How do I take this and update the "multiplier" column on my original dataFrame?
if I try to do the following:
dftest['multiplier']=dftest.groupby('Ticker')['f1','f2','f3','f4','f5','p1','p2','p3','p4','p5'].apply(lambda x: pd.DataFrame(m.values * x[['p1','p2','p3','p4','p5']].T.dot(x[['f1','f2','f3','f4','f5']]).values, columns = m.columns, index = m.index).sum().sum())
I get NaNs in the multiplier column.
dftest
Out[407]:
Ticker f1 f2 f3 f4 f5 p1 p2 p3 p4 p5 multiplier
0 A 0.18 0.25 0.36 0.21 0 0.16 0.16 0.64 0.04 0 NaN
1 B 0.00 0.00 0.50 0.50 0 0.00 0.00 0.25 0.75 0 NaN
I suspect it has to do with indexing and whether all the indices after grouping are translating back to the original dataframe. Second, do I need a group by statement for this one? Since it is a row by row solution, can't I just do it without grouping or group by the index? any suggestions on that?

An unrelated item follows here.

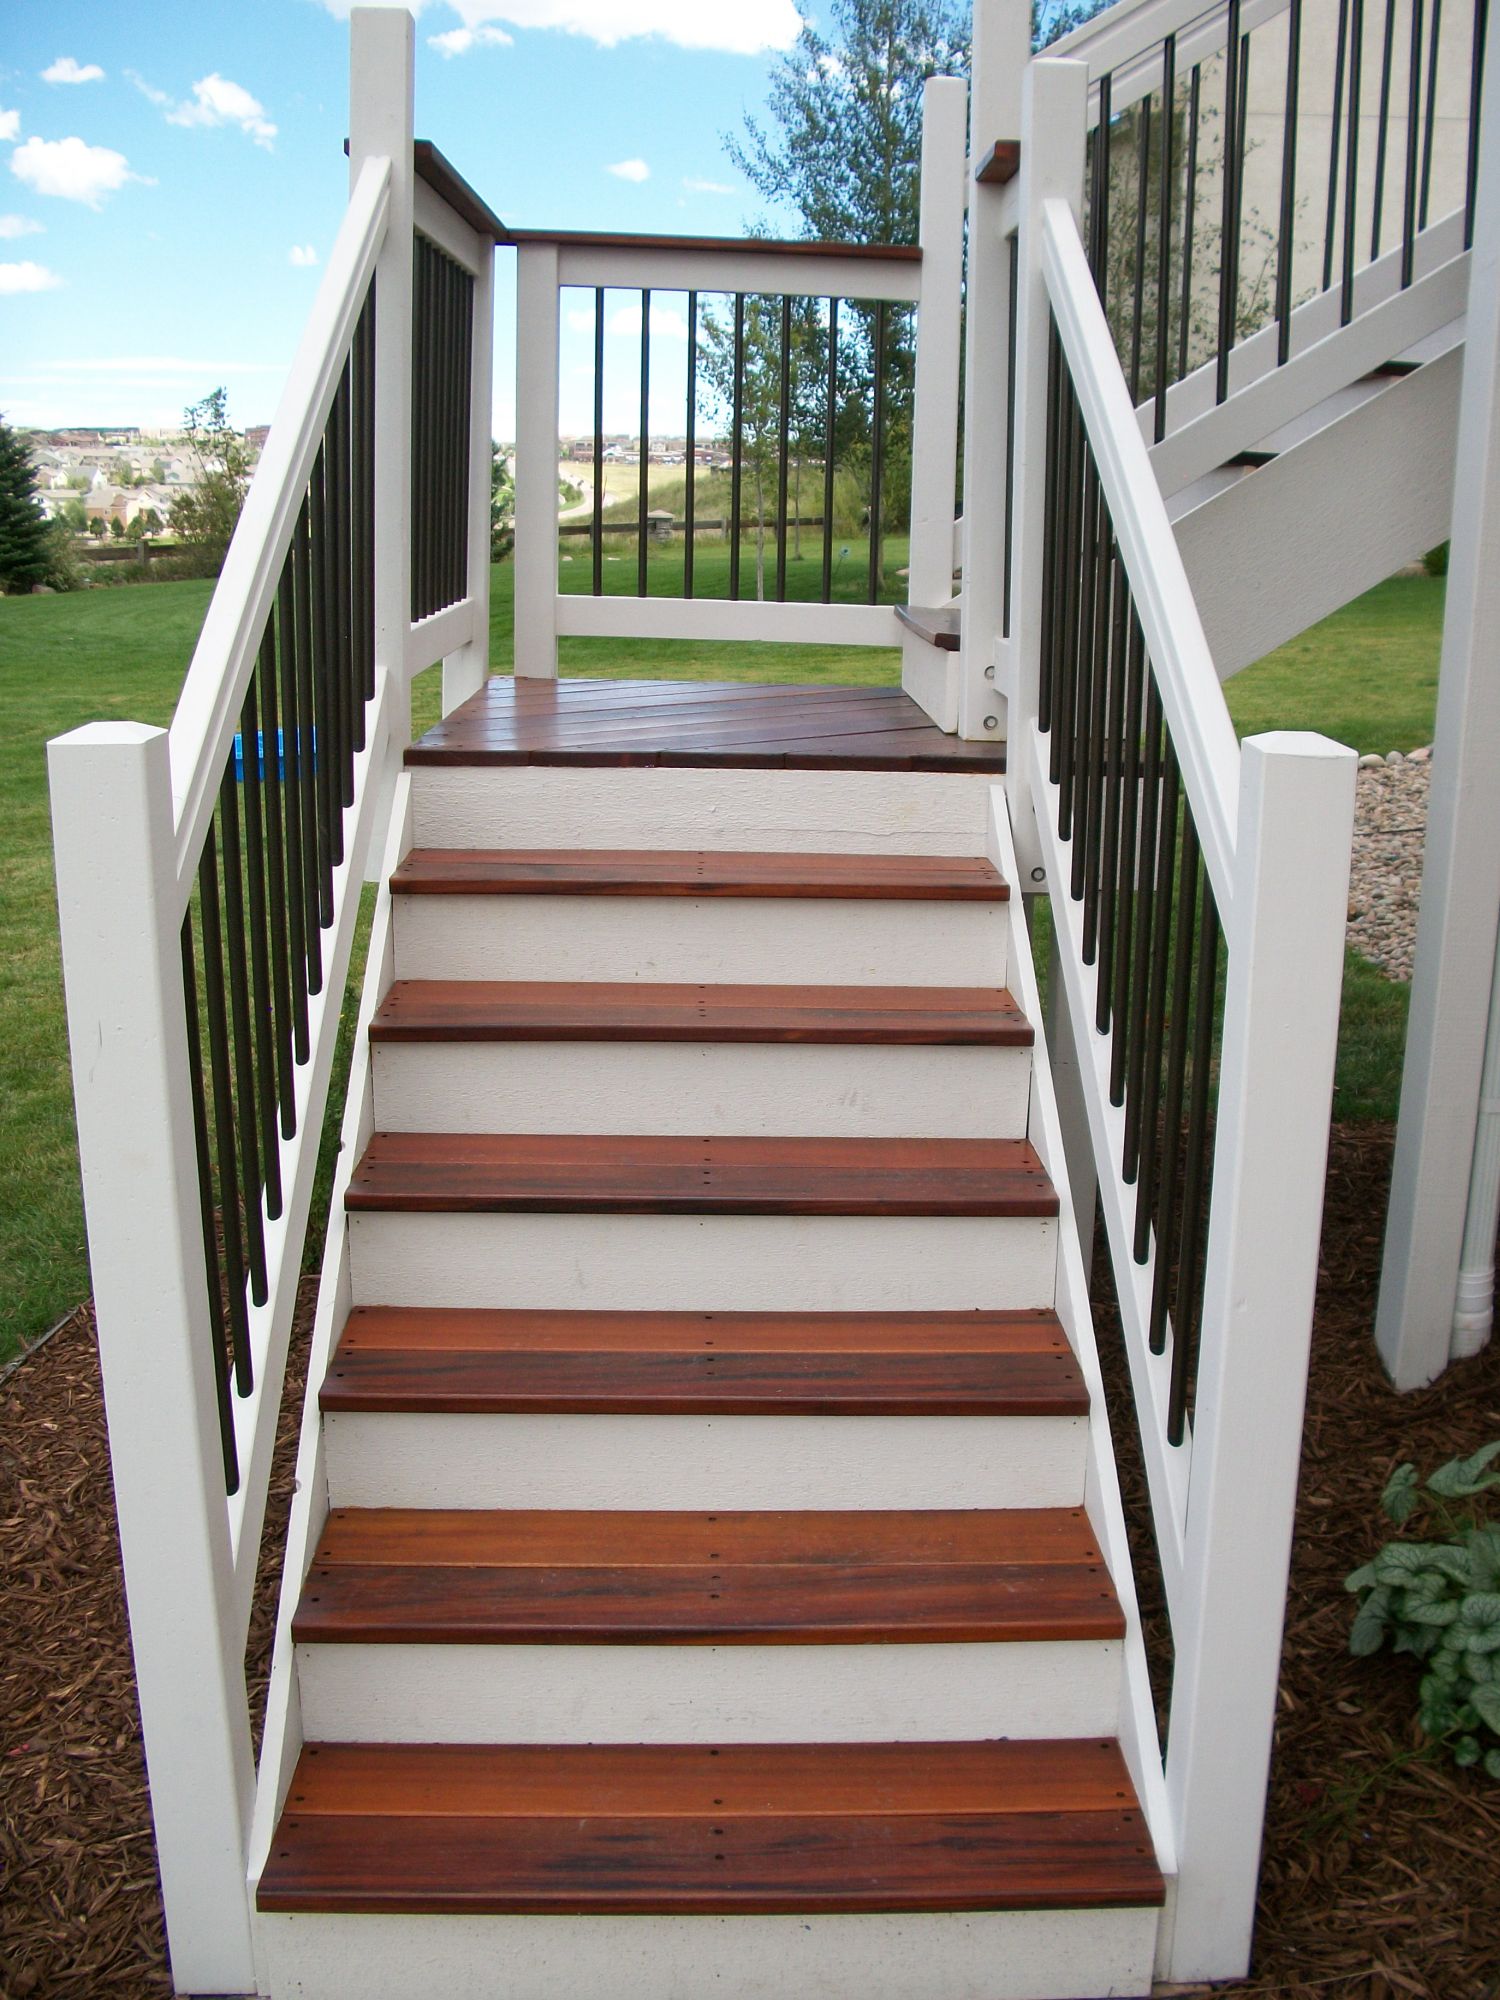 Deck stairs with hardwood treads and a 90-degree turn landing

I need to do this without iterating row by row because the whole code will iterate due to some optimization I have to do. So I need to run this whole process, look at the results and if they are outside some constraints, calculate new f1 through f5 and p1 through p5 and run the whole thing again.
I posted a question on this earlier but it was confusing so this a second attempt. Hope it makes sense.
Thanks in advance for all your help.